SCSIAction and IOSCSIUserClient on Mac OS X 10.2


Q: My application communicates with SCSI Parallel devices like scanners or printers using the SCSIAction or IOSCSIUserClient APIs. This worked on all versions of Mac OS X prior to 10.2. On Mac OS X 10.2, when I call SCSIAction I get an opWrErr (-49). Or, if I call IOSCSIDeviceInterface->open I get a kIOReturnExclusiveAccess error (0xE00002C5 or -536870203). Why does this no longer work?
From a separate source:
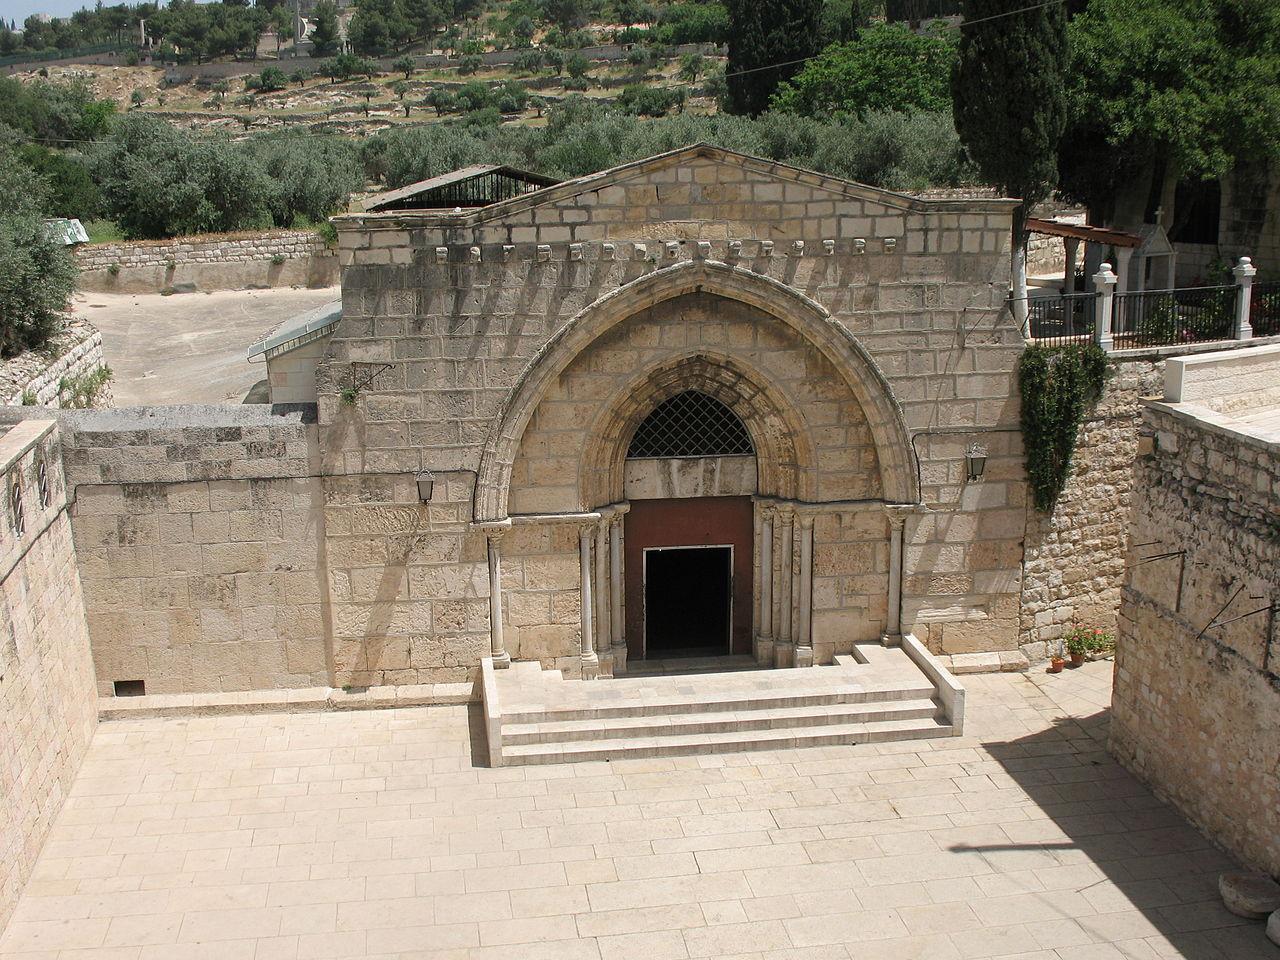 Церковь Успения Пресвятой Богородицы, Иерусалим, Израиль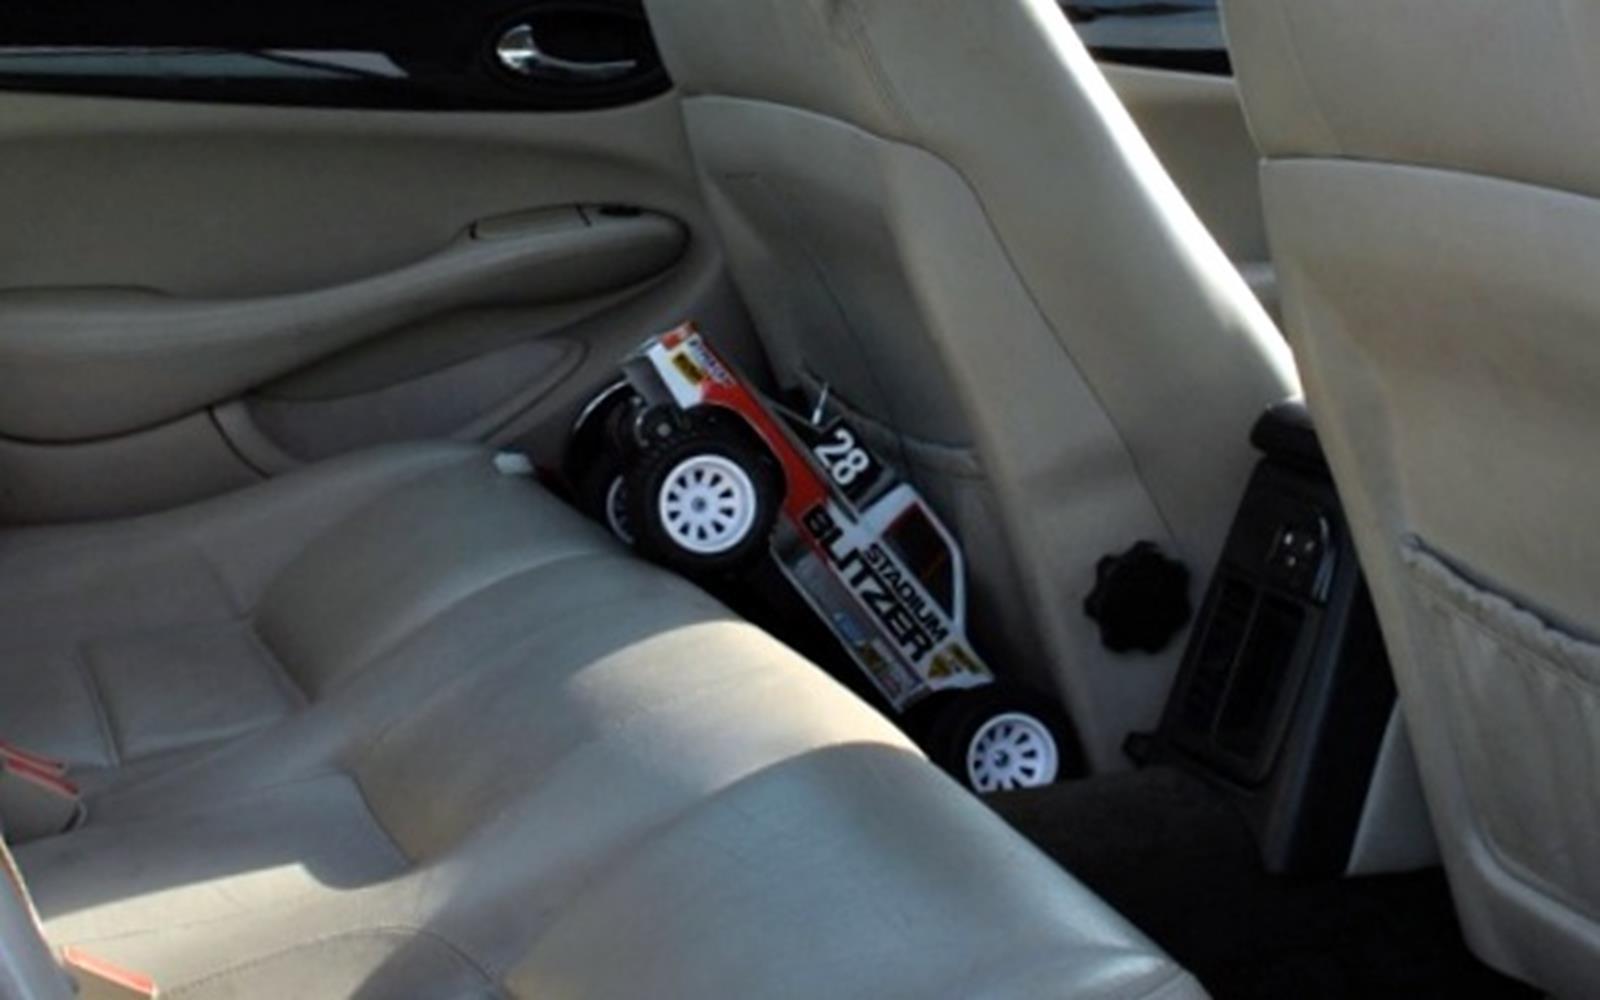 Jaguar XJ8 1998 Rear Seats FrontSeatDriver.co.uk

A: IOSCSIUserClient and SCSIAction are deprecated APIs in Mac OS X 10.2. The intention was for these APIs to continue functioning as on earlier releases until users installed SCSI HBA drivers written to the new IOSCSIParallelFamily that shipped in Mac OS X 10.2. These APIs were inadvertently disabled and have been restored in Mac OS X 10.2.1 (rr. 3006423, 3026125). Until then, calling open on an IOSCSIDeviceInterface will return kIOReturnExclusiveAccess. SCSIAction internally calls that same function and maps the I/O Kit error kIOReturnExclusiveAccess to the OSErr opWrErr.

SCSITaskUserClient is the API that replaces IOSCSIUserClient and SCSIAction. Apple recommends that developers wishing the greatest backward compatibility use both SCSITaskUserClient and SCSIAction/IOSCSIUserClient to discover their device, then use the API which found the device to communicate with it.